The White Album by Joan Didion

The White Album is a 1979 book of Joan Didion’s essays. She wrote them between 1968 and 1978. They mostly chronicle her life in Southern California during that weird decade. Among the topics are a Doors recording session, a business that grows orchids, life in Malibu, how movies are made (it’s all about the deals and money), California’s water supply, the Hoover Dam, the women’s movement, Honolulu past and present, Georgia O’Keefe, Doris Lessing and the Manson murders. One of the topics she doesn’t write about is the Beatles’ White Album.

I’ve read quite a few of Didion’s books. She is a great writer. Sometimes I’ve had trouble understanding the point she is making. I didn’t have that problem this time. In the first few pages of the first essay, she explains her point of view:

We tell ourselves stories in order to live … We look for the sermon in the suicide, for the social or moral lesson in the murder of five. We interpret what we see, select the most workable of the multiple choices. We live entirely, especially if we are writers, by the imposition of a narrative line upon disparate images, by the “ideas” with which we have learned to freeze the shifting phantasmagoria which is our actual experience.

Or at least we do for a while. I am talking here about a time when I began to doubt the premises of all the stories I had ever told myself, a common condition but one I found troubling…. I appeared, on the face of it, a competent enough member of some community or another, a signer of contracts and Air Travel cards, a citizen… I made gingham curtains for spare bedrooms, … put lentils to soak on Saturday night for soup on Sunday, made quarterly F.I.C.A. payments and renewed my driver’s license on time…

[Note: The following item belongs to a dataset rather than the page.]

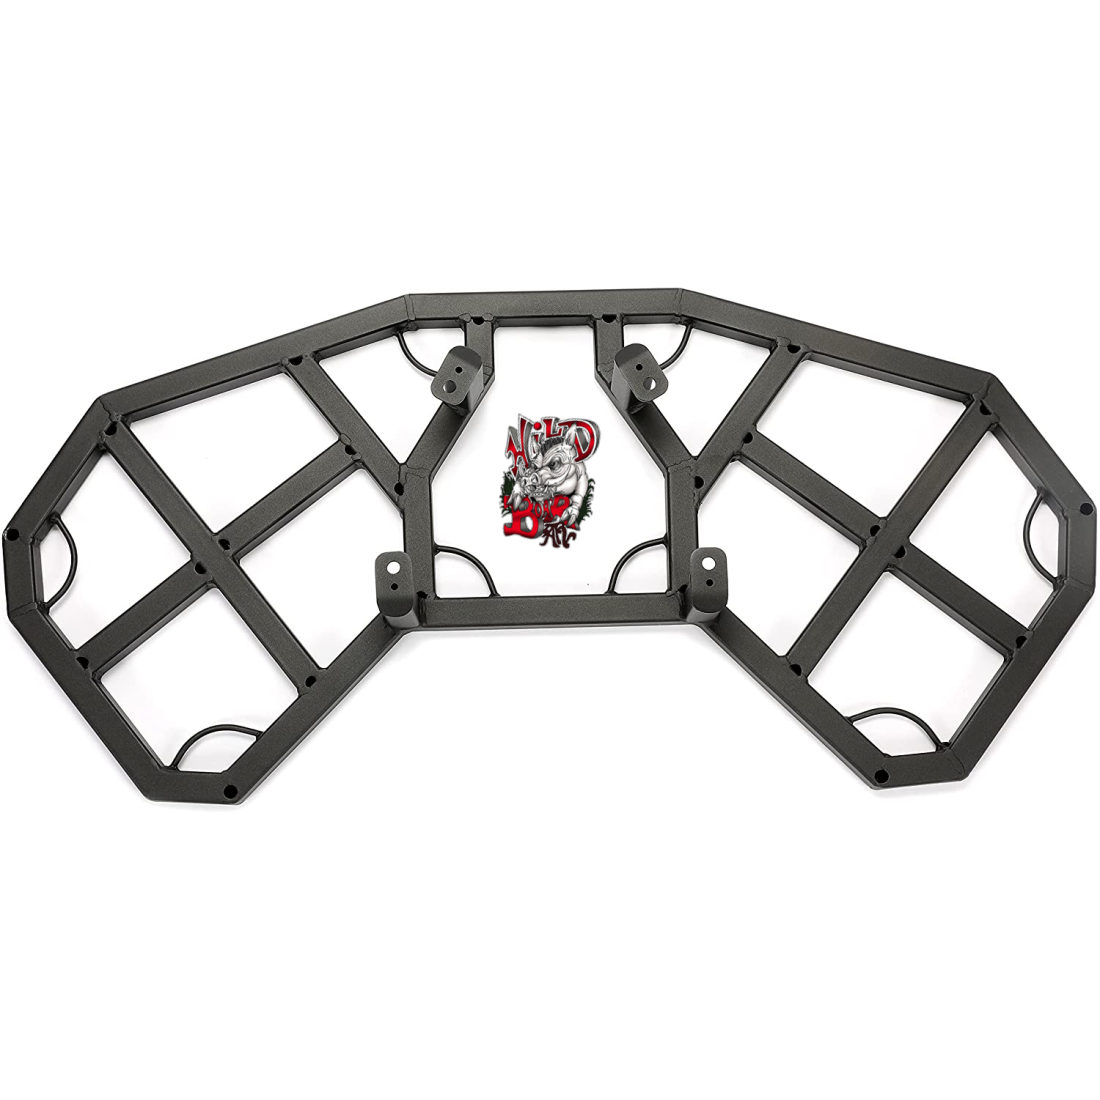 Canam Renegade All Years All Models Black Rear Rack

This was an adequate enough performance, as improvisations go. The only problem was that my entire education, everything I had ever been told or told myself, insisted that the production was never meant to be improvised: I was supposed to have a script, and had mislaid it. I was supposed to hear cues, and no longer did. I was meant to know the plot, but all I knew was what I saw: flash pictures in variable sequence, images with no “meaning” beyond their temporary arrangement…

She made it through this especially disordered period, which lasted six years or so, but the fact that she went through it at all made it easier for me to understand her perspective on things. In these essays, she views the world from a distance, remarking on the interesting things she observes, some of which resist understanding. Shares her observations with us. It’s an excellent book.

Things That Bother Me: Death, Freedom, the Self, etc. by Galen Strawson

This is a book of nine essays by the English philosopher Galen Strawson. The essays aren’t technical. Two were originally published in the London Review of Books; two were published in the Times Literary Supplement.  One is a shortened version of a lecture given at Oxford University.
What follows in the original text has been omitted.